よくよく考えれば当時は歩くしかなかったわけで、出雲崎町から倉敷市玉島までの700km以上の道のりは子ども心には驚きの移動であり、歩くだけでも厳しい修行だと映りました。
良寛和尚の業績を世に広めたのは歌人・詩人にして文学者の相馬御風(ぎょふう)です。新潟県糸魚川市の生まれで、私は中学2年生のときの糸魚川中学校に転校をしたのですが、通学に使っていたバス停の名前が「御風記念館前」で、何度も通っていました。

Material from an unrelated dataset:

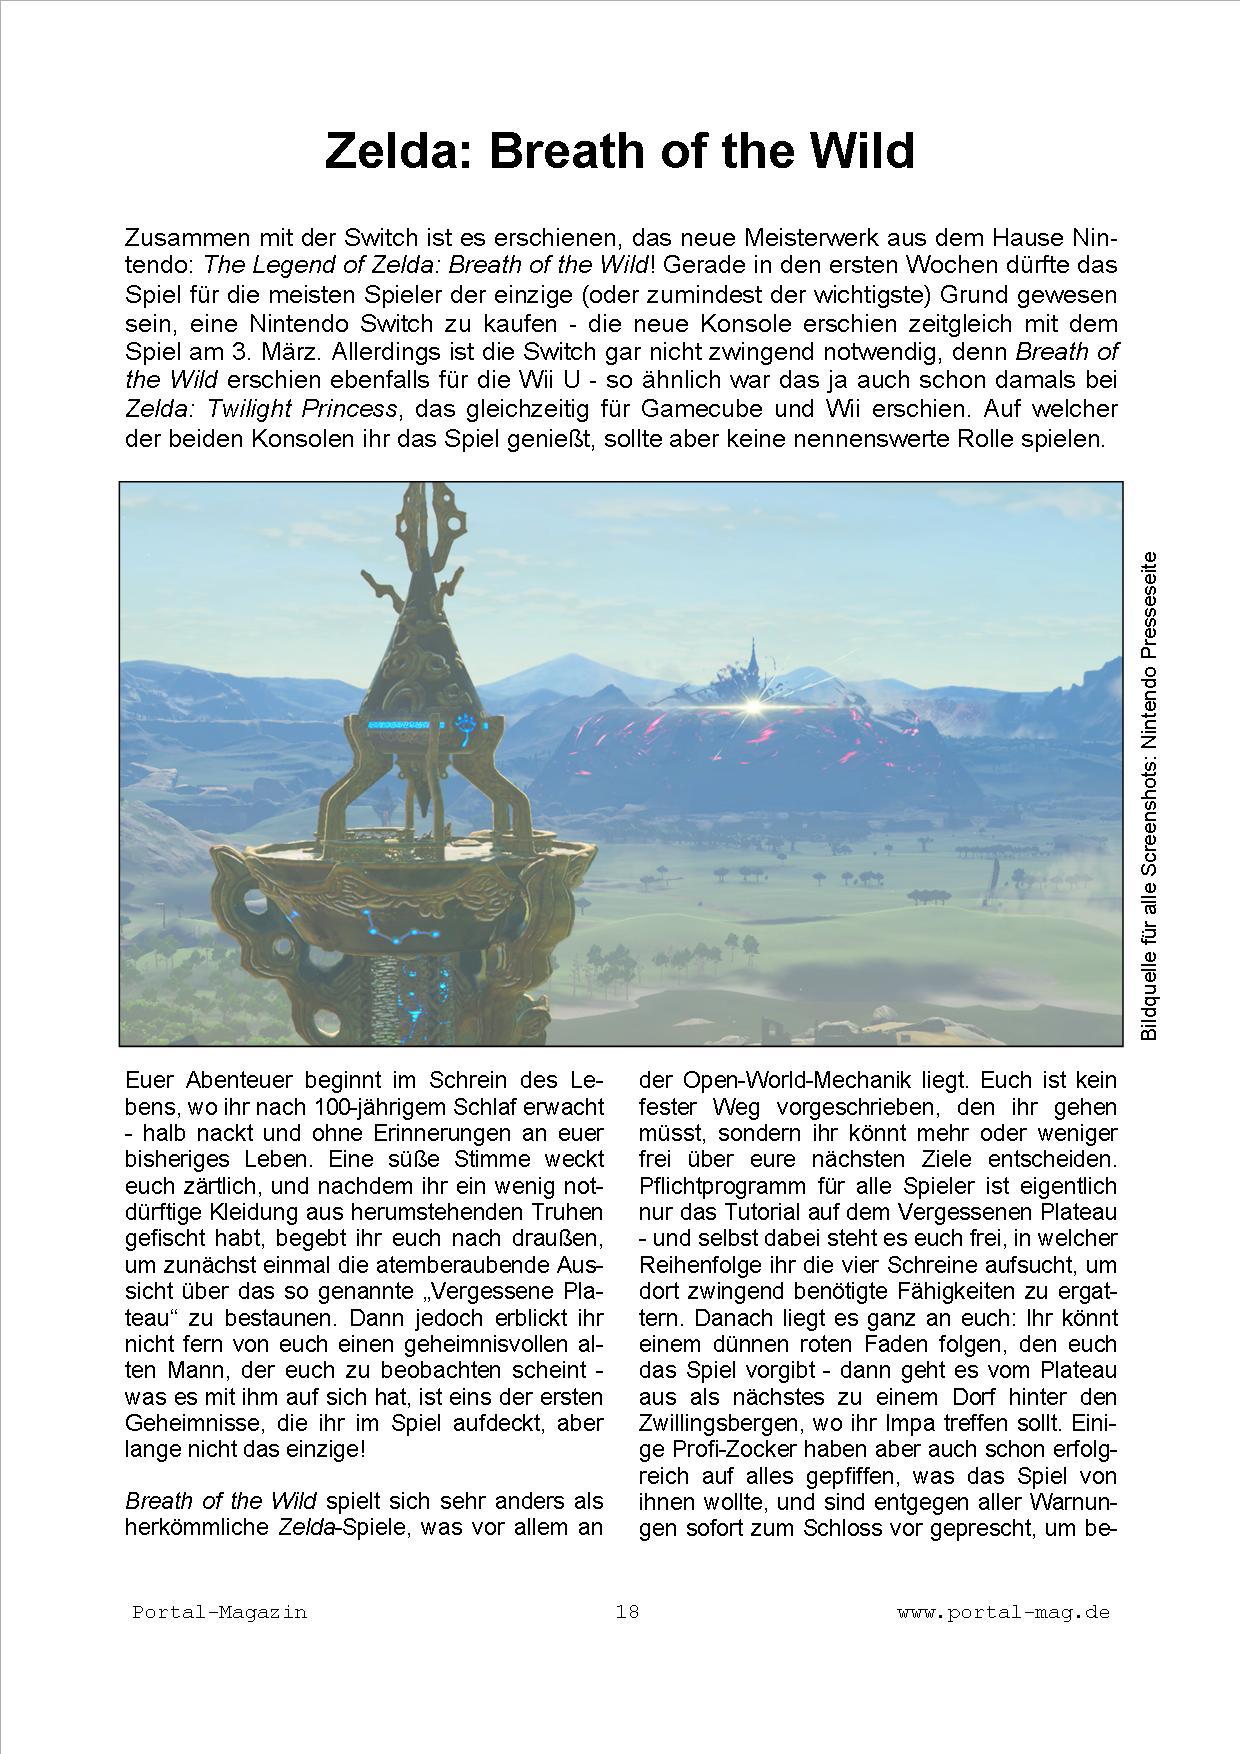 Ausgabe 37, Seite 18

相馬御風には「大愚良寛」「良寛百考」「良寛を語る」などの著書があり、歌人としては、童謡「春よ来い」、流行歌「カチューシャの唄」が知られています。東京にいたときに親戚縁者が集まる機会があると早稲田大学の校歌(都の西北〜)を歌うのが儀式でした。
早稲田大学に行ったのは誰もいなかったのですが、相馬御風は早稲田大学の校歌の作詞者で、妻が相馬御風の遠縁だったからのことです。
私が学んだ東洋大学は、前身の哲学館として仏教哲学者の井上円了(えんりょう)が開設した私学で、東洋哲学を中心に学ぶことができる珍しい存在でした。私が通っていた時代には文学部インド哲学科がありました(現在はインド哲学仏教学専攻)。
井上円了は、新潟県越路町(現在は長岡市)の真宗大谷派の慈光寺で生まれ、東本願寺留学生として東京大学文学部哲学科で学んでいます。
私の母親の実家の寺院も同じ宗派で、距離にして25kmほどの距離だったので、子どものときに住職の祖父と一緒に訪ねたことがあります。そのときには井上円了の話をされても何も理解はできなかったのですが、後になって大学選びをするときに縁を感じたところがあります。
そして、大学では図書館に通い、山のようにある蔵書の中から、良寛和尚、相馬御風に関する書籍を好きなだけ読ませてもらうことができました。